The character of a permutation representation has a beautiful combinatorial interpretation: χ(g) = |Fix(g)|, the number of elements of X fixed by g. This is because the trace of a permutation matrix counts the 1s on the diagonal, which correspond to basis vectors eₓ with g·x = x. This makes permutation characters far easier to compute than general characters — no eigenvalue calculations needed, just counting. Burnside's lemma, which counts orbits as the average number of fixed points, is a direct corollary: |X/G| = (1/|G|) Σ_{g∈G} χ(g) = ⟨χ, 1⟩, the inner product of the permutation character with the trivial character.
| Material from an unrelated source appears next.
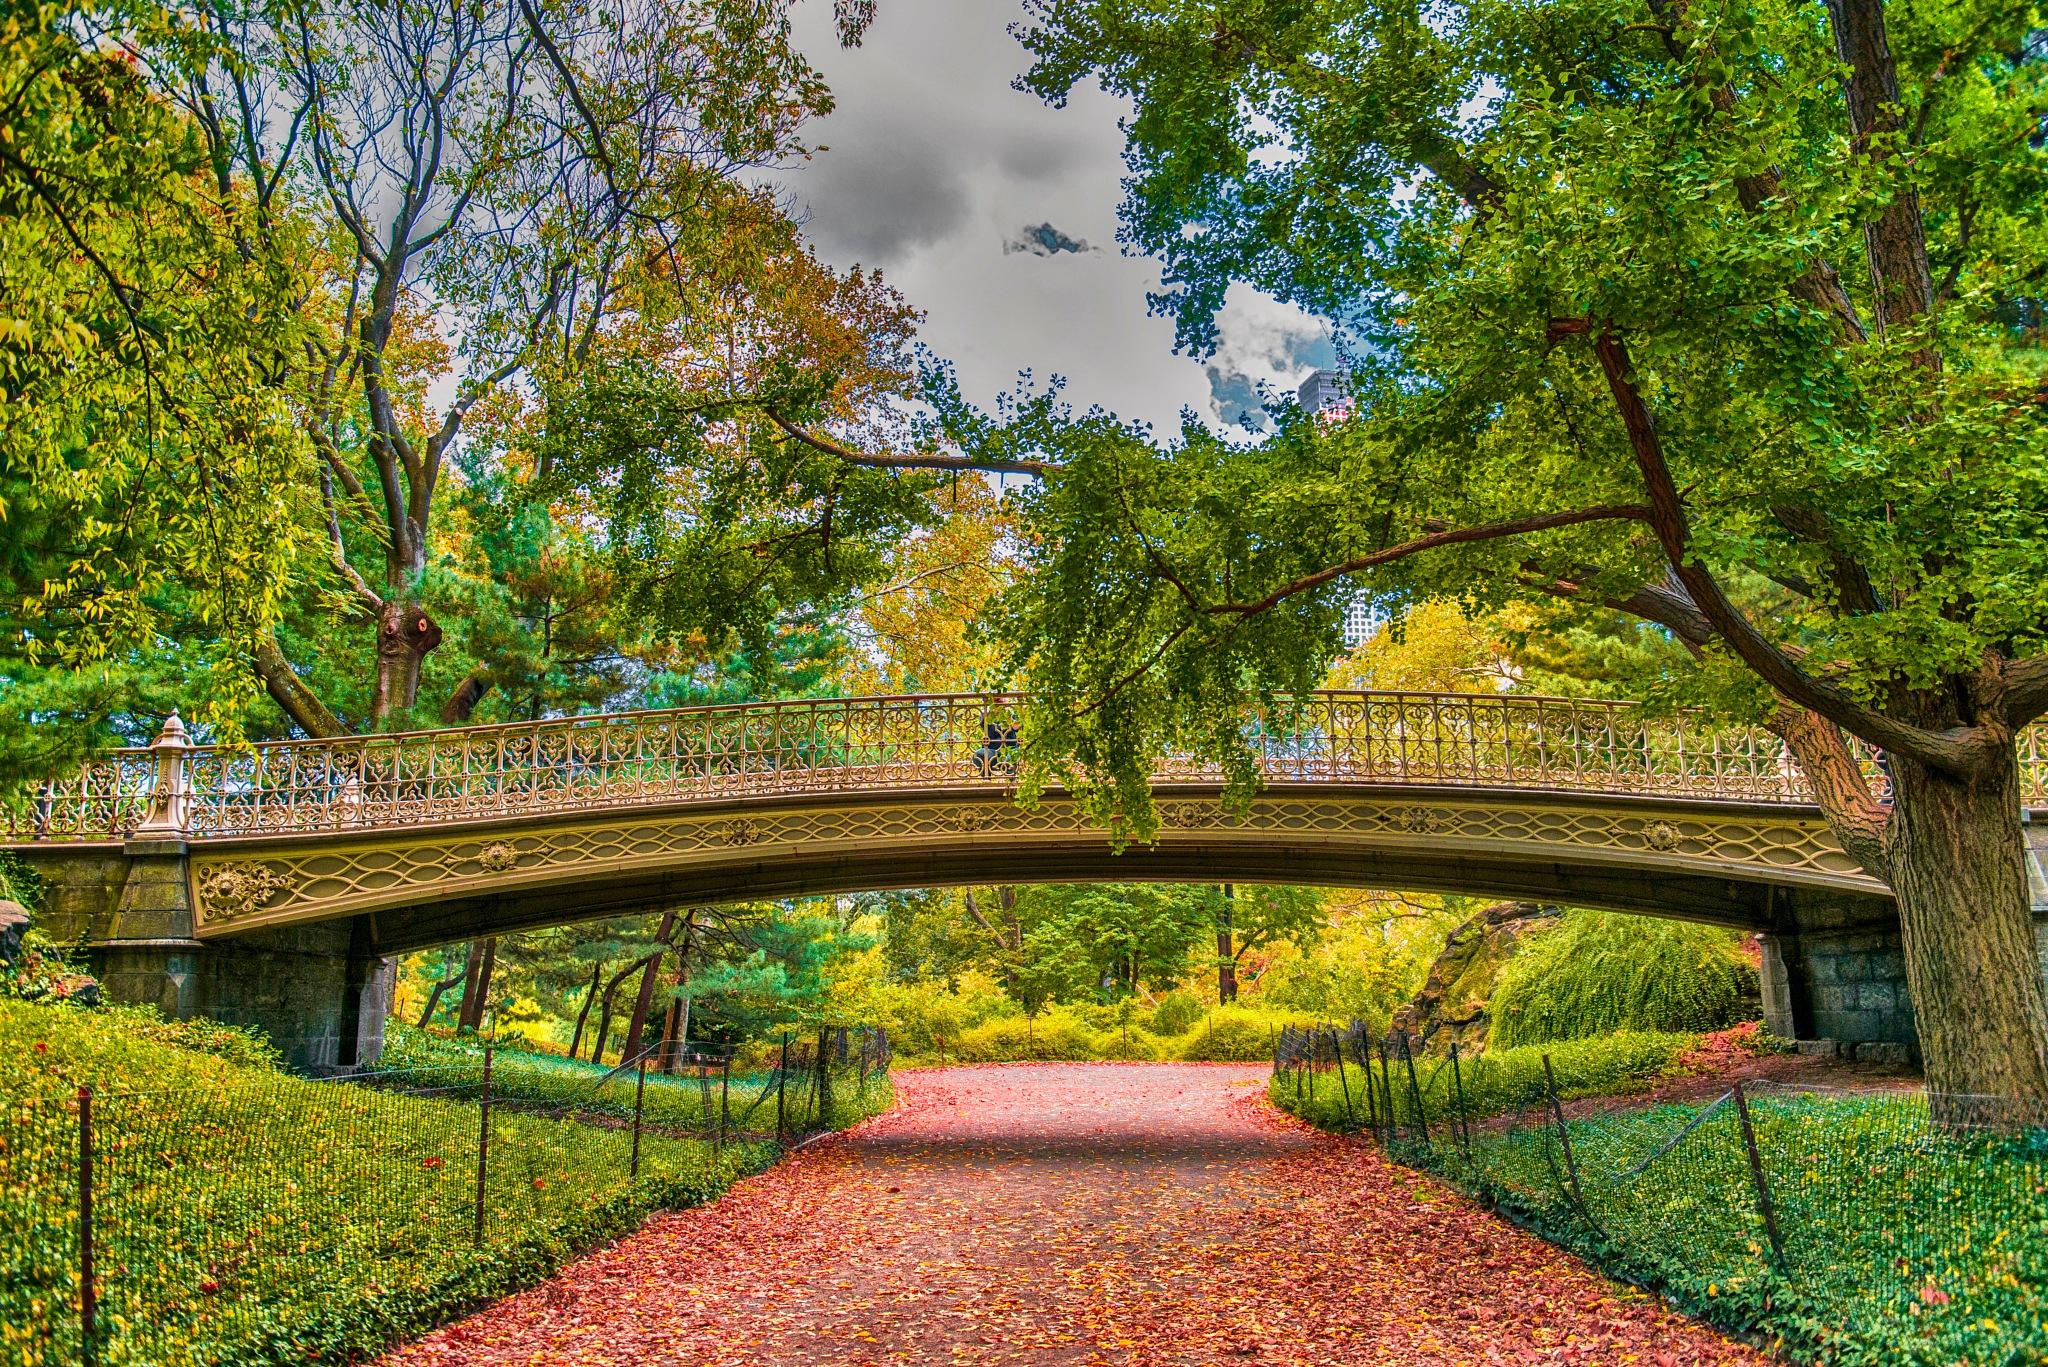 NY Central Park Pine Bank Bridge (62nd street)  by Manny D Suriel

Every permutation representation contains the trivial subrepresentation spanned by Σ eₓ (since permutations preserve this sum). The augmentation subspace {Σ aₓeₓ : Σ aₓ = 0} is the complementary G-invariant subspace of codimension 1. For the natural action of Sₙ on {1, …, n}, this augmentation subspace is the standard representation of Sₙ, which is irreducible for n ≥ 2.
The connection to induced representations gives permutation representations their structural depth. If G acts transitively on X, then X ≅ G/H as a G-set, where H is the stabilizer of any point. The corresponding permutation representation is Ind_H^G(1_H), the induction of the trivial representation from H to G. This allows all tools of induced representations (Frobenius reciprocity, Mackey's formula) to be applied to permutation representations. Conversely, every induced representation of a 1-dimensional character is a generalized permutation representation, so the induction machinery is a direct generalization of the permutation construction.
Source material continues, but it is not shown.